A Phase-by-Phase Model Strategy for GitHub Spec Kit in 2026

My last Spec Kit article answered a brownfield question:

How do I reverse-engineer one existing feature into usable Spec Kit artifacts?

The next question is the one I kept hearing right after that:

Should every Spec Kit phase use the same model?
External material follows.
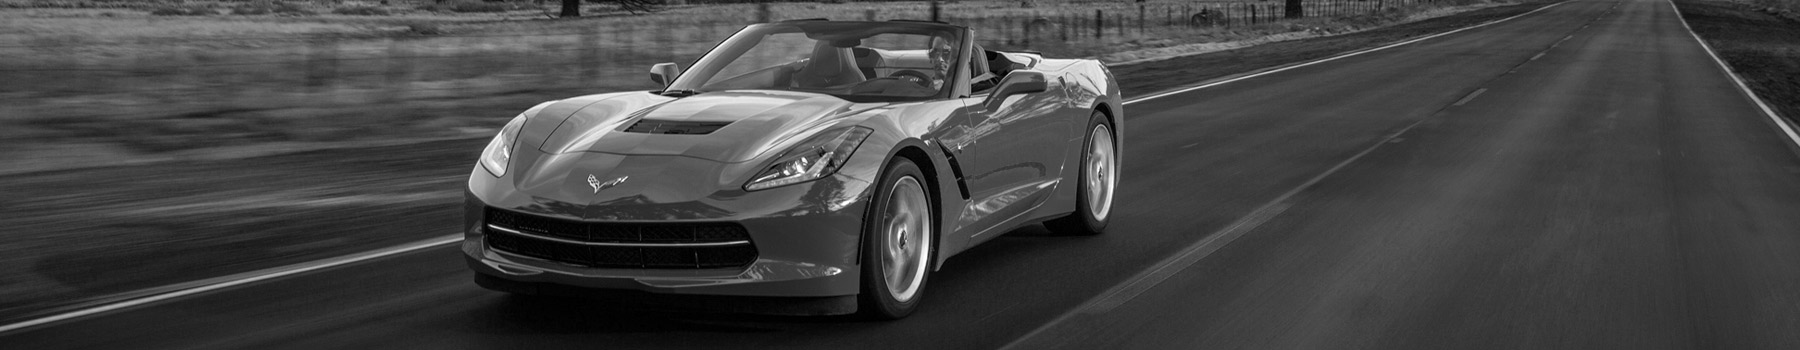 c7 corvette 2014-present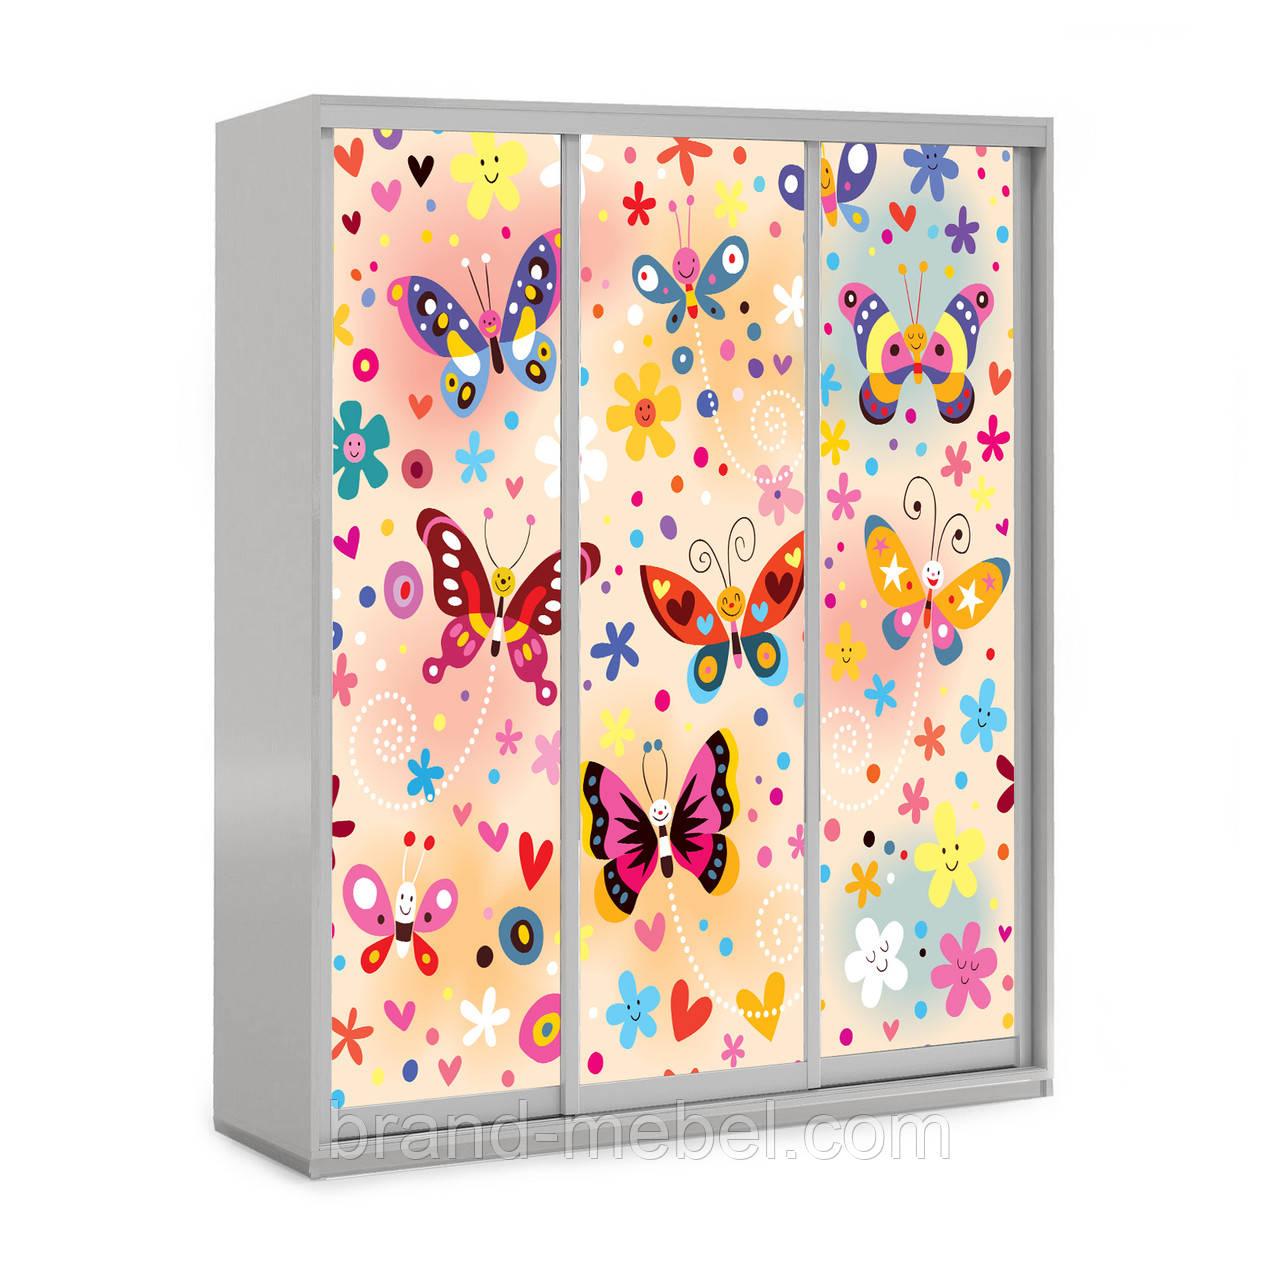 Детский шкаф-купе Бабочки

My working hypothesis was:

use a fast model for constitution, specify, and clarify
use a stronger reasoning model for plan, tasks, and analyze
use a stronger coding model for implement

That part still holds up.

But when I rechecked the current vendor docs on April 14, 2026, the exact stack I had in mind needed clearer naming and role separation:

Google’s current lineup makes the split clearer: Gemini 3 Flash Preview for the newer fast slot and Gemini 3.1 Pro Preview for Google’s heavier Pro-class work
OpenAI’s current public naming is GPT-5.4 or GPT-5.4 pro with a reasoning effort setting like xhigh, not a model literally called gpt-5.4-xhigh
Anthropic’s current docs describe Claude Opus 4.6 and Claude Sonnet 4.6, and Claude Code documents an opusplan mode that uses Opus for planning and Sonnet for execution

So this article is not “I proved my exact original hypothesis was perfectly right.”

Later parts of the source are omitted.